Dynamic modelling of cold-hardiness in tea buds by imitating past temperature memory.

Affiliation

Kimura K(1), Yasutake D(2), Oki T(3), Yoshida K(3), Kitano M(2)(4).
Author information:
(1)National Agriculture and Food Research Organization
(NARO), Institute of Agro-Environmental Sciences, Kannondai, Tsukuba, Ibaraki, Japan.
(2)Kyushu University, Faculty of Agriculture, Fukuoka, Japan.
(3)Kyushu University, Graduate School of Bioresource and Bioenvironmental Sciences, Fukuoka, Japan.
(4)Kochi University, Faculty of Agriculture and Marine Science, Kochi, Japan.

Abstract

BACKGROUND AND AIMS: Most perennial plants memorize cold stress for a certain period and retrieve the memories for cold acclimation and deacclimation, which leads to seasonal changes in cold-hardiness. Therefore, a model for evaluating cold stress memories is required for predicting cold-hardiness and for future frost risk assessments under warming climates. In this study we develop a new dynamic model of cold-hardiness by introducing a function imitating past temperature memory in the processes of cold acclimation and deacclimation. METHODS: We formulated the past temperature memory for plants using thermal time weighted by a forgetting function, and thereby proposed a dynamic model of cold-hardiness.

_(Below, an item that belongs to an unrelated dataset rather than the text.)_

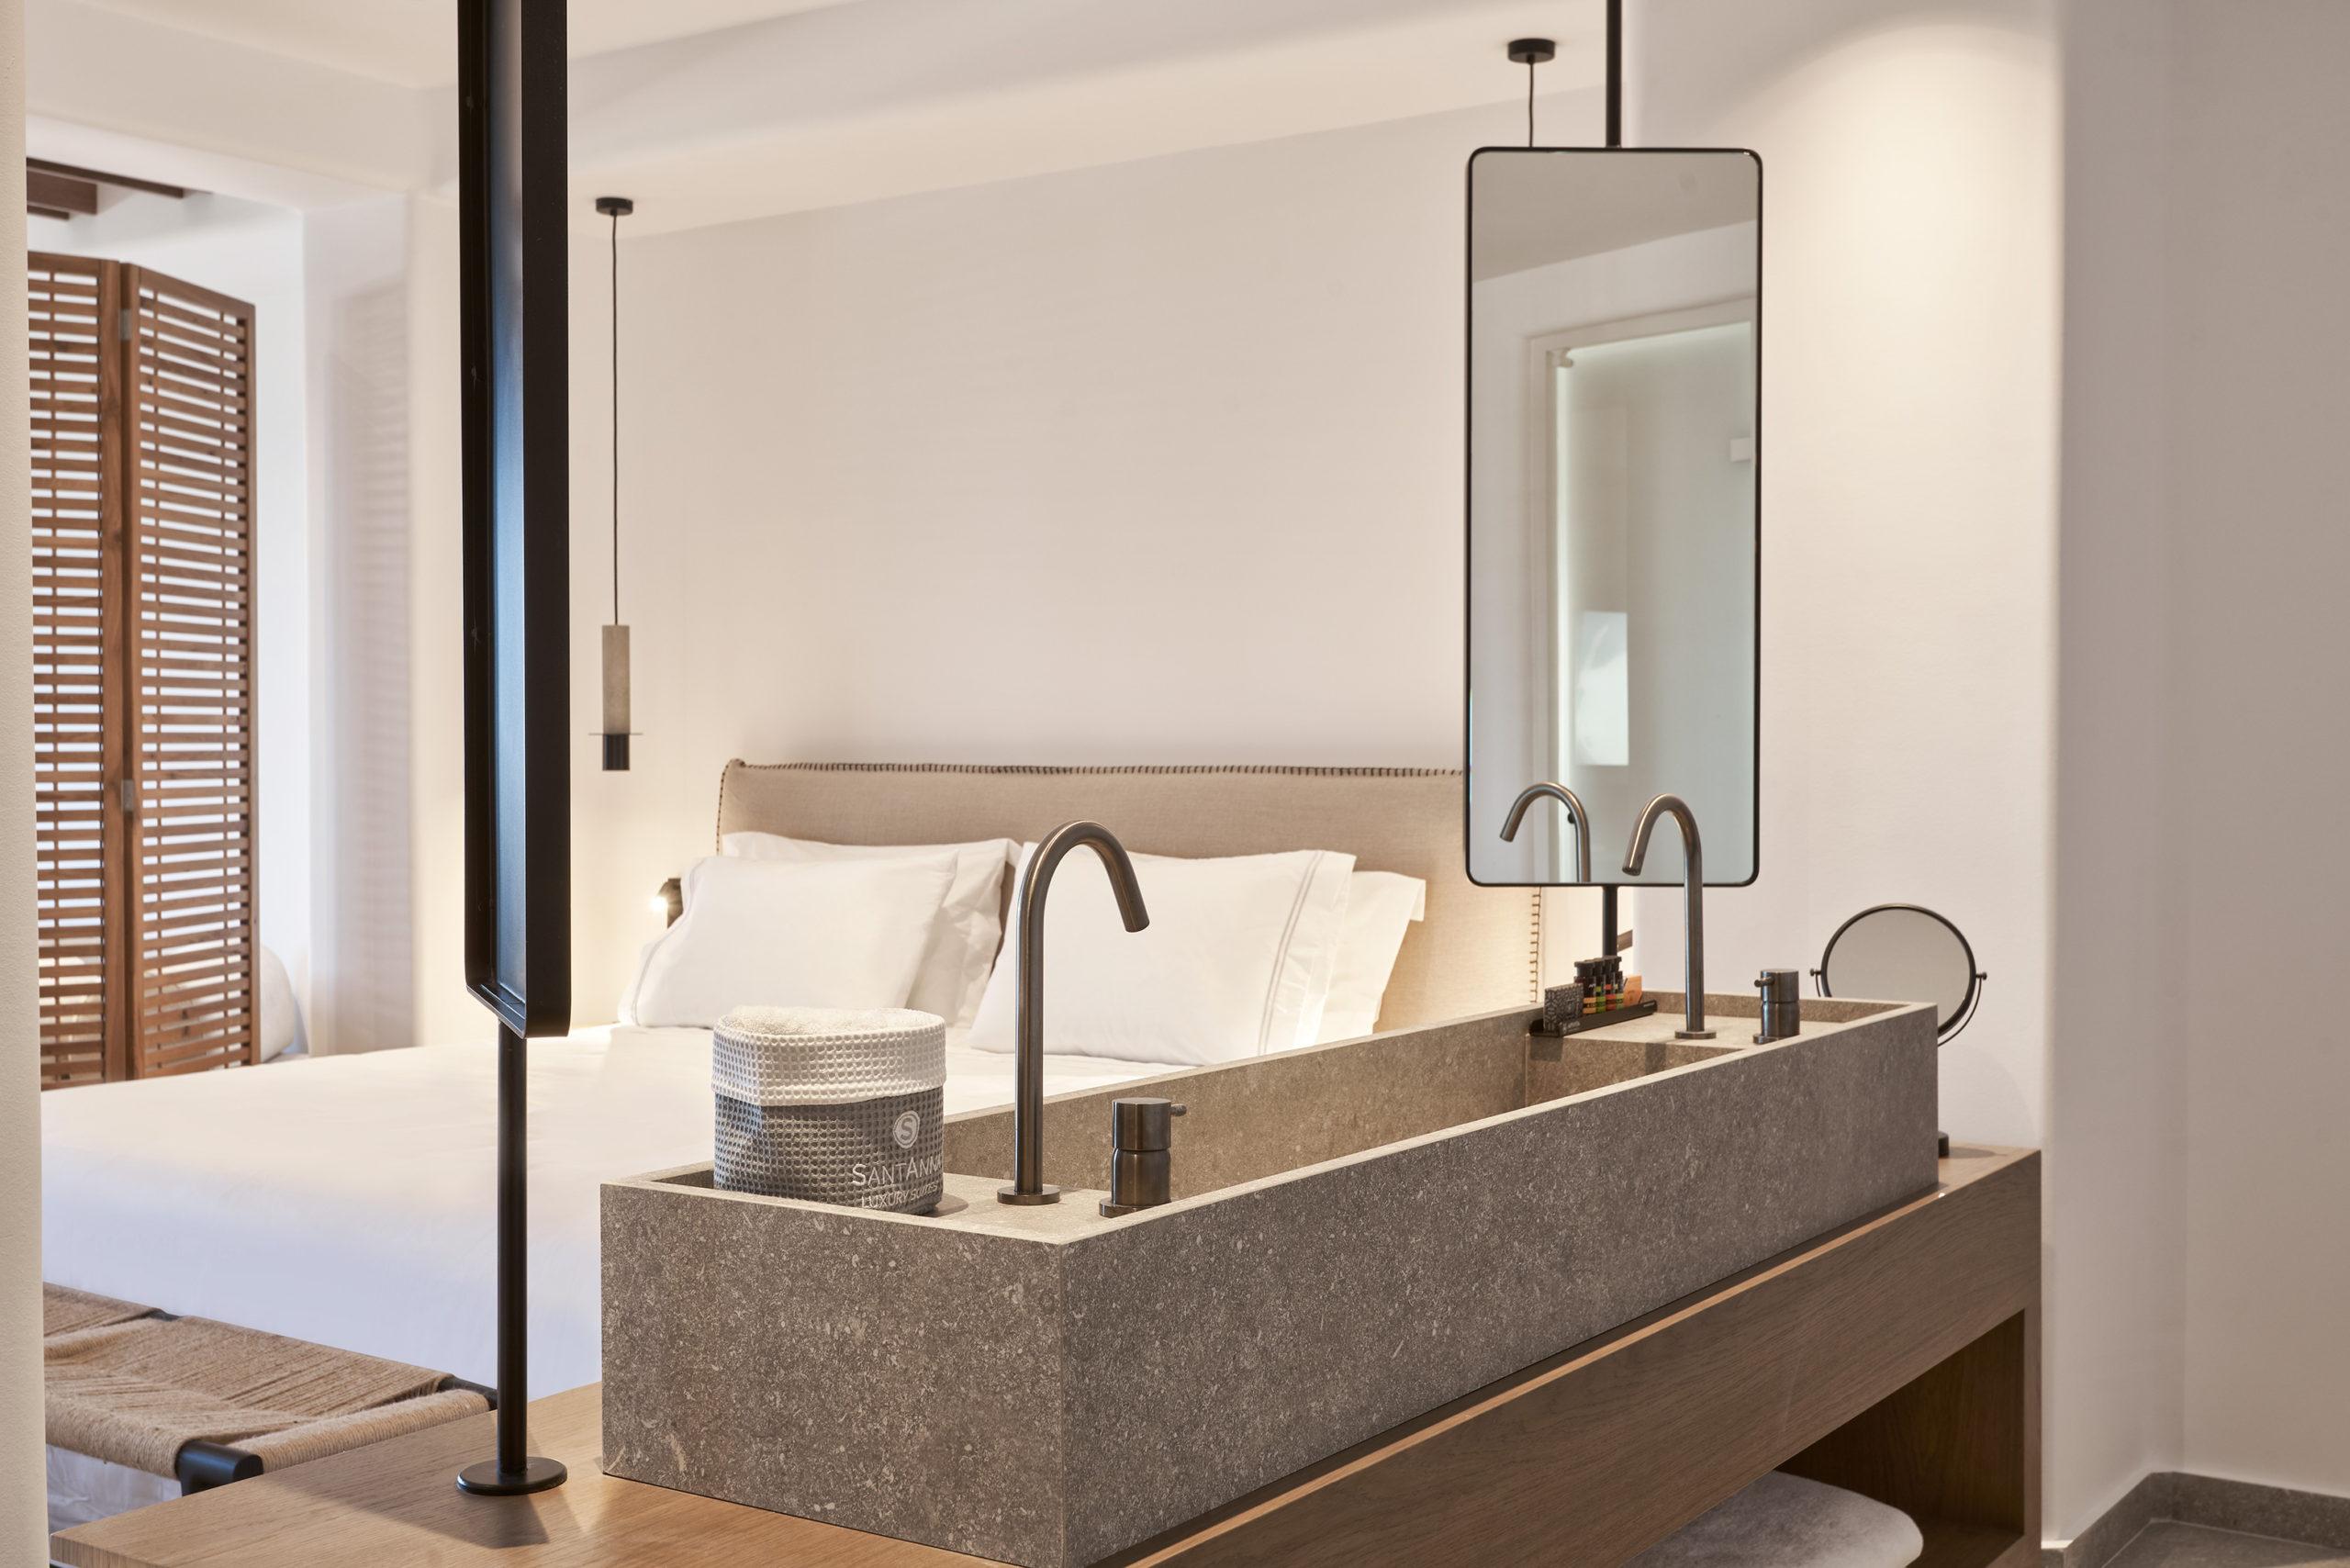 SantAnna Luxury Suites - Deluxe Suites Pool Front

We used the buds of tea plants (Camellia sinensis) from two cultivars, 'Yabukita' and 'Yutakamidori', to calibrate and validate this model based on 10 years of observed cold-hardiness data. KEY RESULTS: The model captured more than 90 % of the observed variation in cold-hardiness and predicted accurate values for both cultivars, with root mean square errors of ~1.0 °C. The optimized forgetting function indicated that the tea buds memorized both short-term (recent days) and long-term (previous months) temperatures. The memories can drive short-term processes such as increasing/decreasing the content of carbohydrates, proteins and antioxidants in the buds, as well as long-term processes such as determining the bud phenological stage, both of which vary with cold-hardiness. CONCLUSIONS: The use of a forgetting function is an effective means of understanding temperature memories in plants and will aid in developing reliable predictions of cold-hardiness for various plant species under global climate warming.